送走三人,江松闭门落锁。
一转身,恰巧与卧室门口的男人视线相触。
“姿色上乘,但口碑有瑕,坊间传闻撷采万花,是个出了名的玩咖。”
裴时月斜倚着房门,自嘲般扯了扯嘴角。
“没冤枉你。”
江松解开Burberry风衣腰封,脱下来顺手扔到沙发上。
内搭卡其色齐膝包臀裙,突出腰线,勾勒出前凸后翘好身材。
下一秒,包臀裙落在风衣上面。
江松晃着一双大白腿径直走向浴室。
热水从头顶浇筑而下,打在肌肤上,翻起细小的水花。
心中烦闷也被水流不断冲刷,江松吐出一口气,揉了揉有些发痛的太阳穴。
不久,后背贴上来一具滚烫的身体,男人比她高出一个头,似一座大山笼在身后。
“江松,你调查过我?”
“裴总太看得起自己了,您那名声都坏的没边了,哪还用得着我去调查。”
裴时月的手掌落在纤细的腰上,拇指按着两处明显的腰窝:“我也没那么不堪吧?”
江松不想跟他谈这个,纠结过往不是她的处事作风,可裴时月偏偏那么烦人,一直揪着话题不放。
“我其实挺注意的,也不是什么女人都看得上。”
还讲,烦不烦?
“而且平常工作那么忙,也不是很重欲。”
有完没完?
“撷采万花这词太严重了,都是外人瞎传的。”
够了!
“裴时月,先不说你在外滩养了两个金丝雀,单说一夜情对象,你经历过的没有十个也有八个了吧,你床上规矩多、爱玩处那是你的自由,若我现在告诉你我不是第一次了,你还下得去嘴吗?”

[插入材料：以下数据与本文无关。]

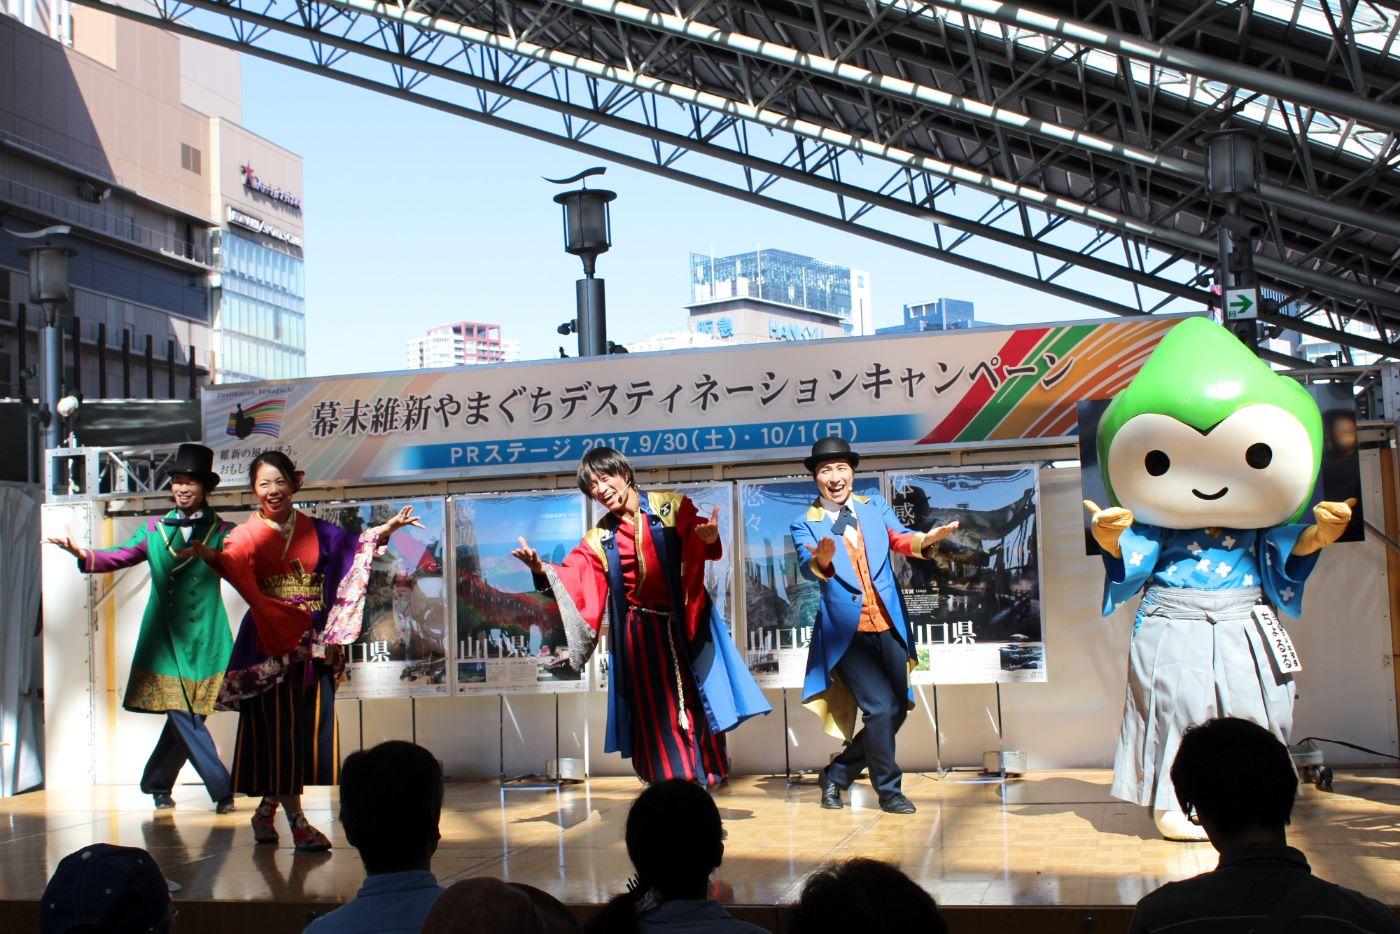 大阪で「幕末維新やまぐちデスティネーションキャンペーン」のPRをしてきたよ☆彡

裴时月手指一僵,闻言面若寒霜:“我只是在向你解释坊间传闻不实,你说这种话做什么。”
“然后呢?解释完又能改变得了什么?是能让你恢复处男身,还是能让我踹了商引转而嫁给你?”
江松关闭花洒,从置物架上取出沐浴露,在手心挤出一团绵密的泡沫。
“我说过的,你没必要说一些无关紧要的话,我们俩现在的关系,说白了连炮友都算不上。刚才江老爷子的话你也听到了,江家外面光鲜亮丽,其实内里都烂透了,要靠卖孙女换人脉,我手里国松资本的股份只有百分之五,根本没能力抗衡家族安排,甚至我住的这套房都不是挂在我的名下。从十七岁重回江家至今,江歆意一直热衷于抢夺我的东西,不管我看得上看不上,只要是我的所有物她都要染指,这种畸形的亲缘关系你消化得了吗?如果有一天她主动爬你的床,你又能保证坐怀不乱吗?”
“在你心里,我是个什么都不挑的牲口吗?”
“你不是吗?之前对外宣称非处女不玩,现在又跑来我家上赶着当地下情人,裴总,你挑吗?”
太过分了,这种话太伤人。
江松背对裴时月,机械性地往身上打沐浴露。
“江松,你后悔了,是吗?”裴时月松开手,敛颌冷笑,“去港市考察了两个月,发现还是把商家当作靠山更稳固,你害怕有天会东窗事发,所以后悔答应和我保持情人关系了,是吗?”